Academy of Accounting and Financial Studies Journal (Print ISSN: 1096-3685; Online ISSN: 1528-2635)

Research Article: 2021 Vol: 25 Issue: 5

The Effect of the Ruling Variables on Global Oil Prices Vs. the Unexpected Events

Haider Ali AlDulaimi, University of Babylon

Asam Mohamed aljebory, University of Babylon

Mustafa Jawad Kadhim A-Bakri, AL-Mustaqbal University College

Citation Information: AlDulaimi, H.A., Aljebory, A.M., & A-Bakri, M.J.K. (2021). The effect of the ruling variables on global oil prices vs. the unexpected events. Academy of Accounting and Financial Studies Journal, 25(5), 1-09.


We investigate the effect of two kind of variable on world oil prices, first the classical variables ( global demand for oil and global oil supply) vs. the Political Events that effect oil price such as (crises, wars and tensions in the oil production regions).

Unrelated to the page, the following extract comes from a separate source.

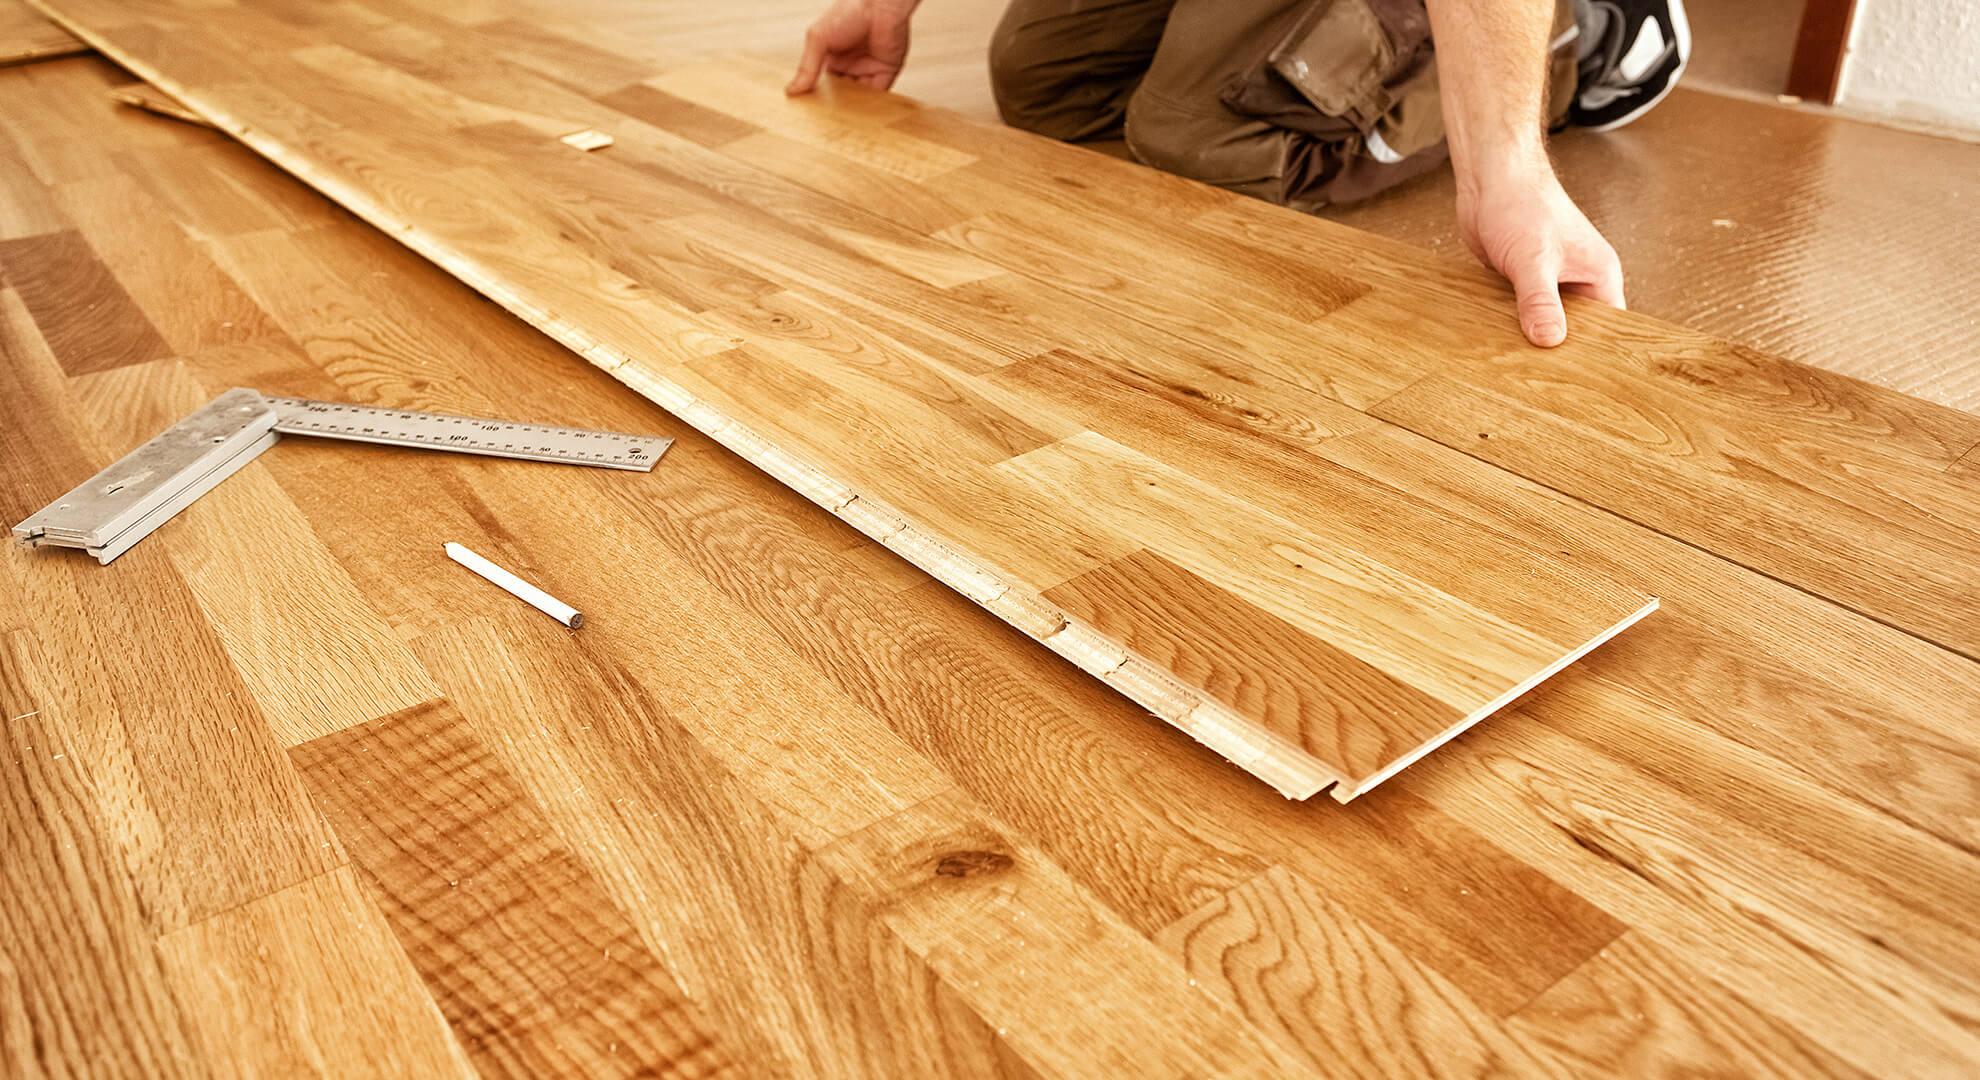 hagedorn & partner gmbh | Umbau | Sanierung Parkettboden | Koordination

We added important variable (the price of Gas which is considered the alternative commodity to oil), and dummy variable which represent the tension in the oil production regions. We use strategy for advancement bookkeeping is to break down the watched arrangement into the segments relating to each auxiliary stun. Suggested by Burbidge and Harrison (1985) to change watched residuals to basic residuals, and then figure the dedication of the various collected auxiliary stuns to each watched variable for every perception past some point in the estimation test.


Oil Prices, Global Demand for Oil, Global Oil Supply, Gas Price.


As an enormous product, which is firmly identified with national monetary turn of events and the everyday life of people in general, the yearly oil utilization possesses about 40% of the absolute worldwide vitality utilization. But since of the dubious flexibly and the enormous value variance, oil is a vital fossil vitality for all nations of the world. The twice-broad oil emergencies of the 1970s carried tremendous harm to the worldwide economy. Since entering the twenty-first century, the world oil cost changes at an elevated level once more, it appears that the cost of oil has made a major jump, from $ 49.51 a barrel in January 2007 to $ 142.95 a barrel in July 2008, and afterward out of nowhere fell underneath $ 40 a barrel in December 2008 once more, at that point the ascent rose again to cross the $ 100 boundary, and afterward to return toward the finish of 2014 to decay, however the recorded decrease happened in the start of 2020 because of the Corona pandemic.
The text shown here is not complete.